The place is on Youtube now, so I'll let you explore at your own pace - link below (just the first 9 minutes, I'm not sure what they're filming after that). Please bear in mind the torch they use on the video is much much brighter than the torches we had - it makes the place look a LOT less scary.
To two twelve year old lads, the dark underground passages, carved out of the living bedrock, with gryphons, skeletons, gargoyles, cyclops and headless monks scared the bejasus out of us. Even once we were out of the grotto, we were so scared of getting caught, just for being on the wrong side of the wall!!!
It's an intriguing place and my grandad and I spent a good few hours in the local library hoping to find something - anything about it. But we drew a blank. Since the advent of the internet, I found out that the tower and the grotto are listed buildings - associated with the former stately home but as usual with these things, the listing is very dry and matter of fact.
I've often wondered if it had anything to do with the Hellfire Club (see https://en.wikipedia.org/wiki/Hellfire_Club) but the Hellfire Club was quite a bit earlier. I can well imagine the sort of "obscene parodies of religious rites" attributed to the Hellfire Club being carried out under the light of the full moon and naked flame in this grotto.
Putting this post together has brought a lot of memories flooding back and as I sit here, I can still feel the sense of enormous relief we felt, every time we dropped back onto the ground on the 'safe' side of the abbey wall.

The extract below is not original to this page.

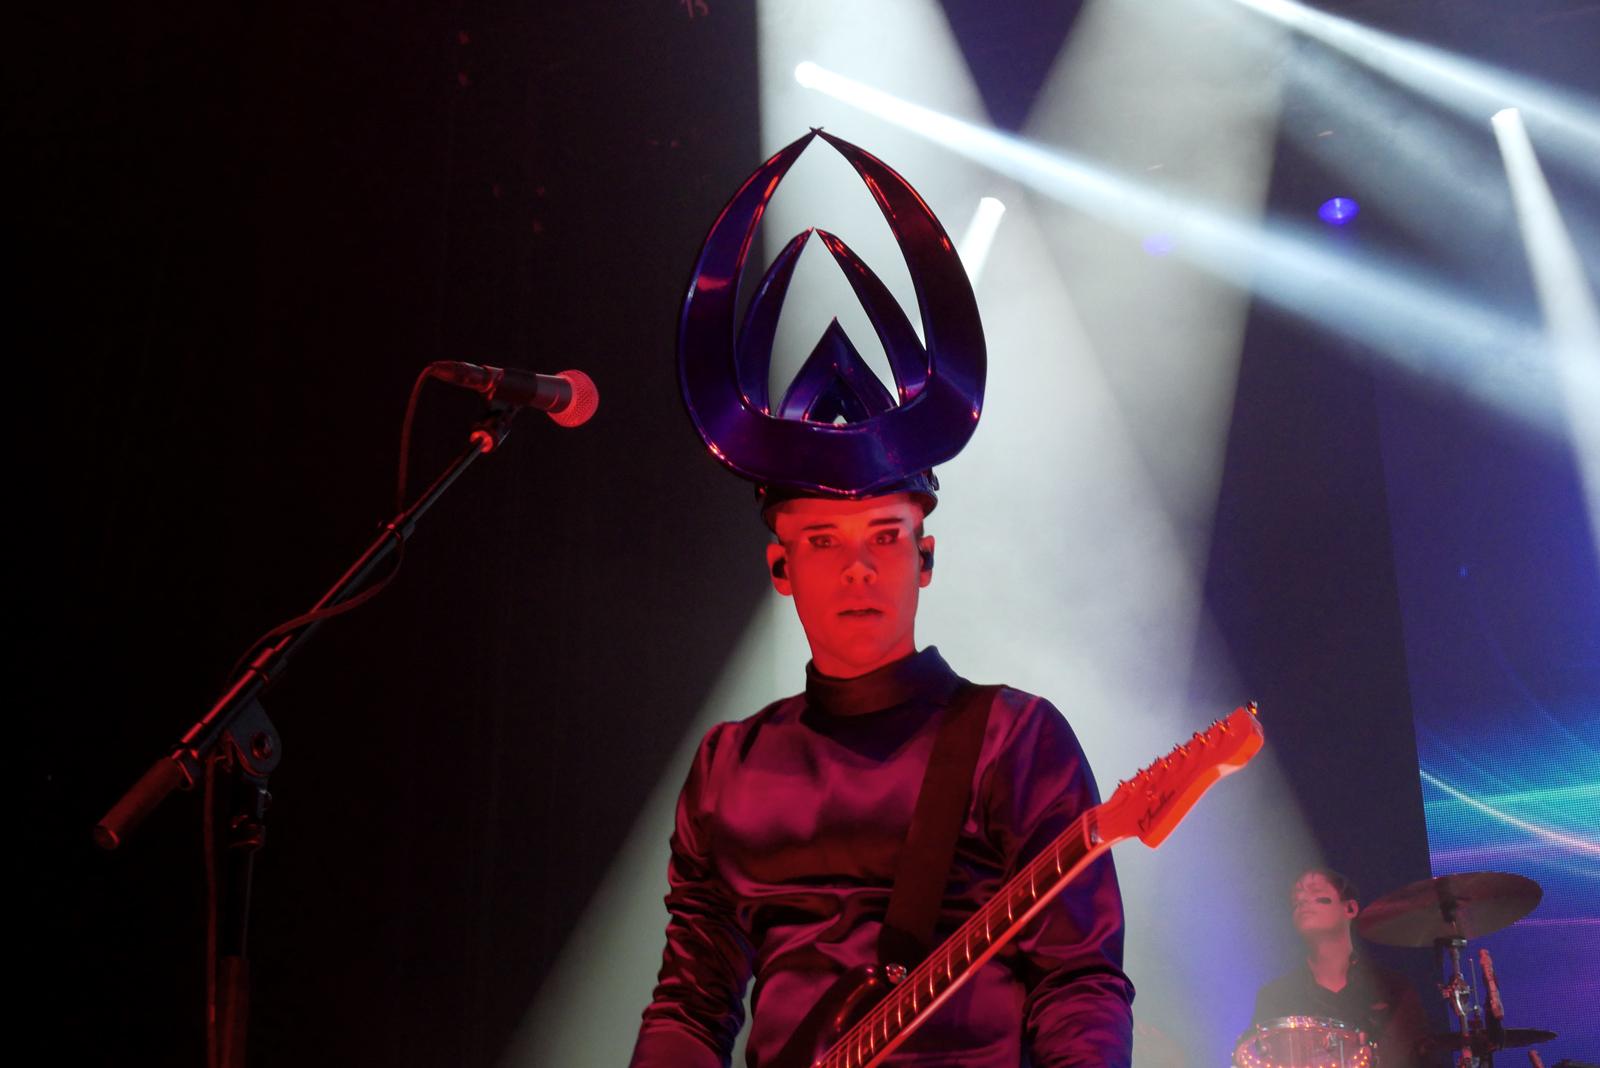 luke-steele-eyes-empire-of-the-sun-concert-paris-olympia-two-vines-tour-live-stage-photo-usofparis-blog
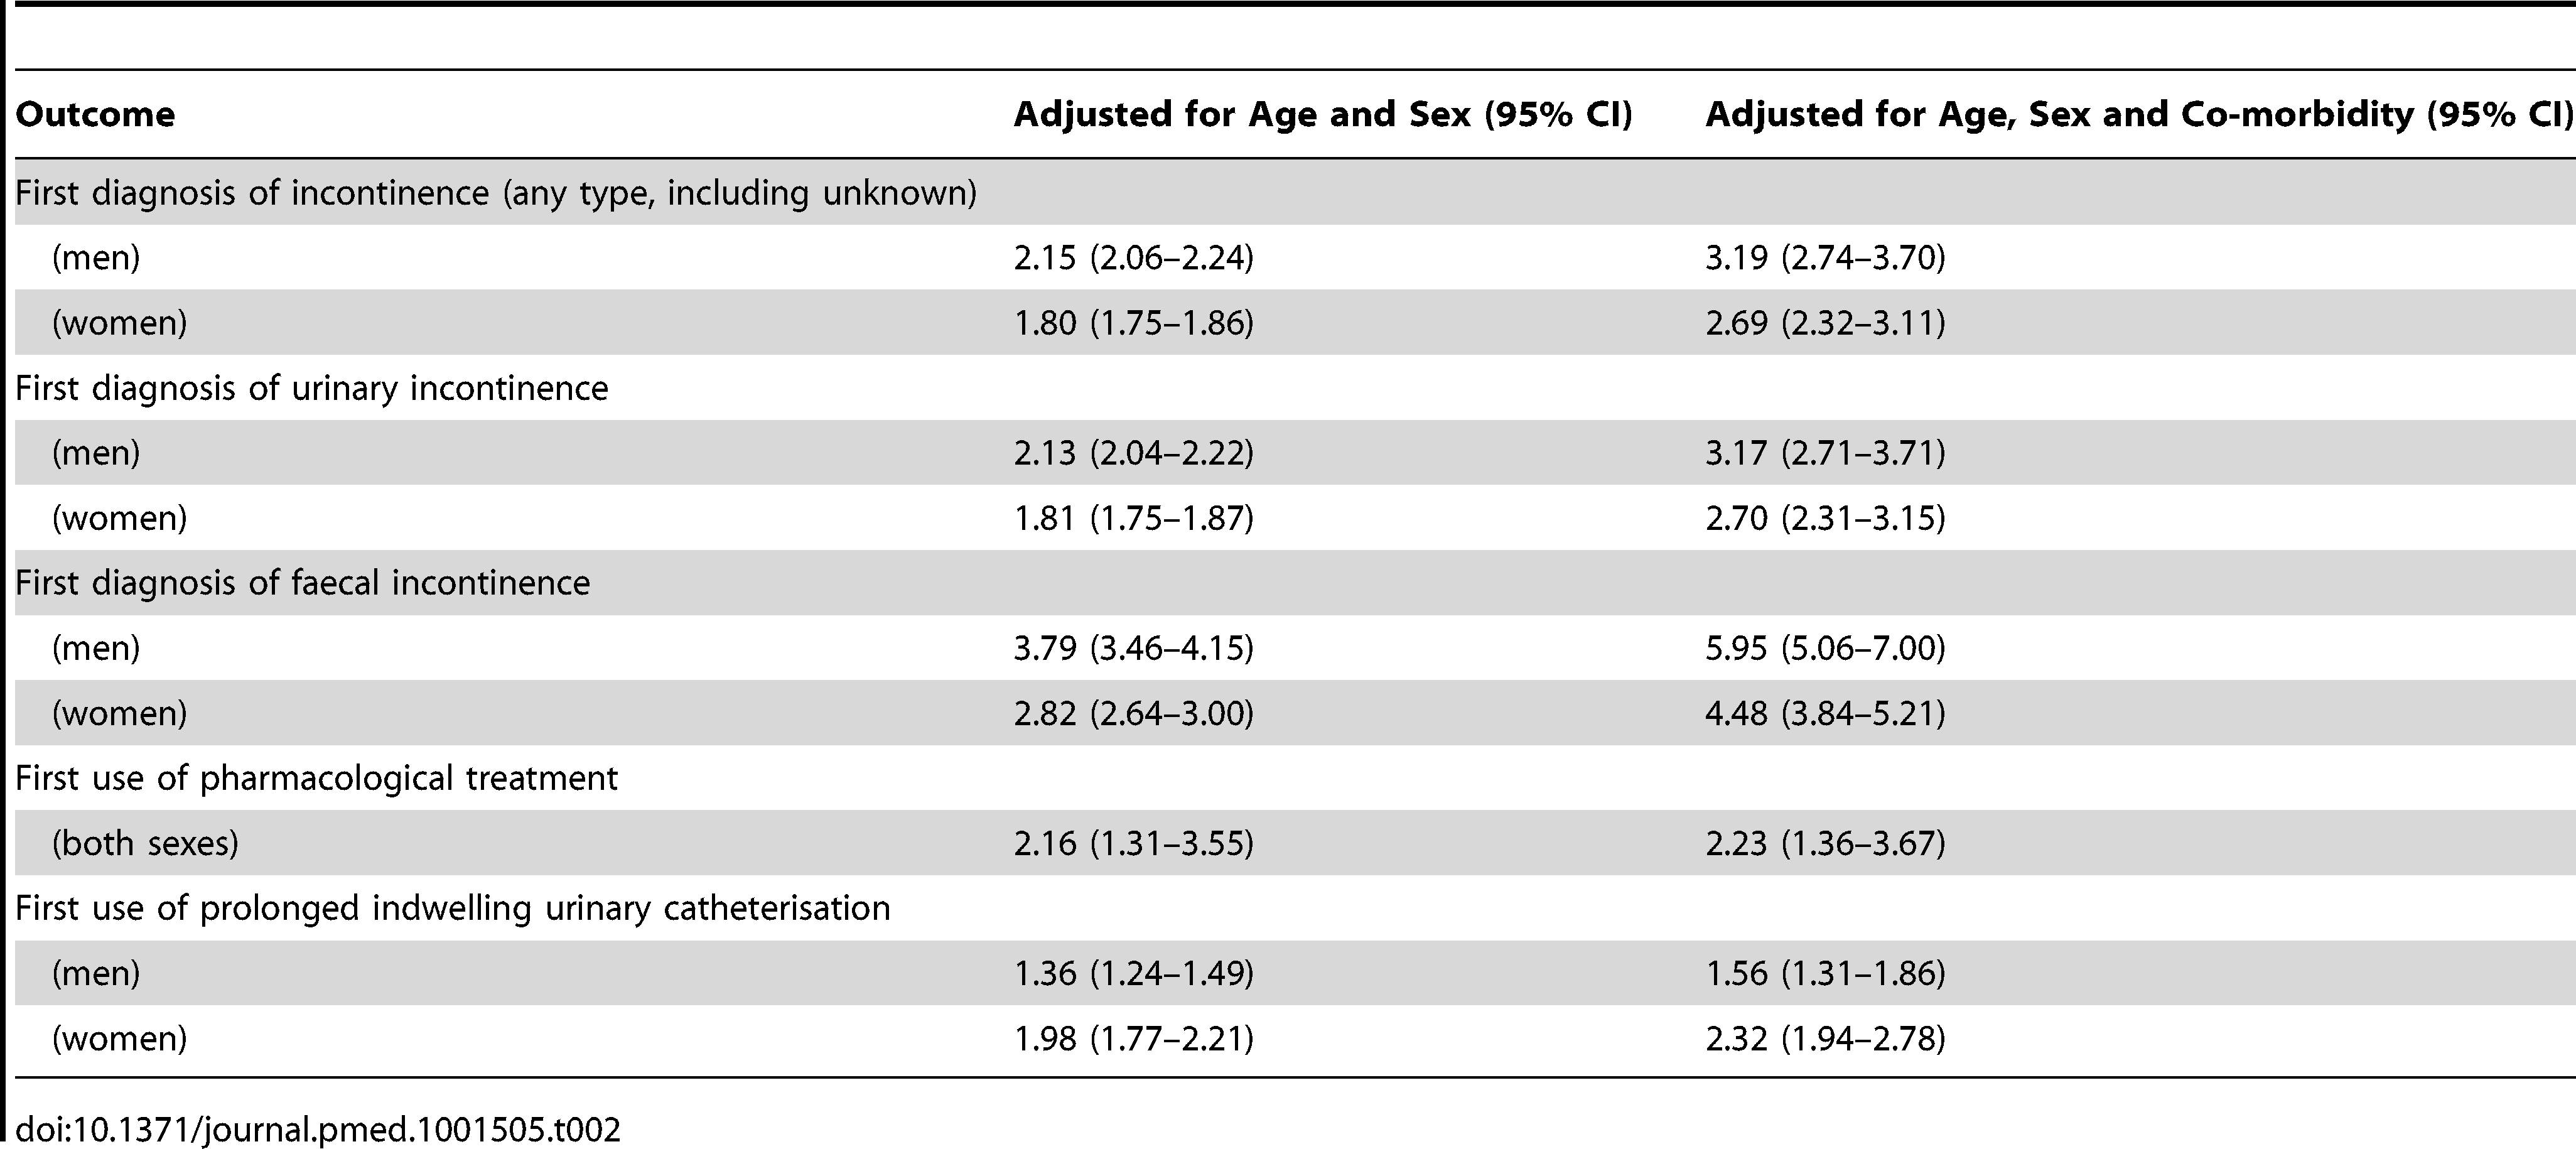 Rate ratios, comparing the dementia and non-dementia cohorts.

I did mange to get back with my two young daughters in 2006. This photo is from that visit - I didn't tell them about the skeleton carved into the rocky wall behind them until AFTER we got home!!!
Please, don't have nighmares - leave that to me!!!
I've never known a scarier place .
You want to try Croydon at pub closing time mate 😂. Fascinating account as always and great to hear the adventures of a young @Councillor Col Dog . We also holidayed year in year out in a static caravan, albeit in Sussex. Can relate to meeting same friends same fortnight every year then no contact whatsoever in between. Our site was near an ancillary RAF wartime airstrip (since privately owned) and the woods nearby (where I got terrified in the other thread) had the decaying remains of ramshackle barracks and incredibly a swimming pool (suspect that pre-dated and was probably why barracks got put there). Not in the same league as haunted caves but a great adventure playground for pre-teen boys. Pretty dangerous looking back. Empty swimming pool full of detritus and rotting floors in derelict buildings etc. Didn’t do us any harm as old fogeys often say. Thanks again for sharing.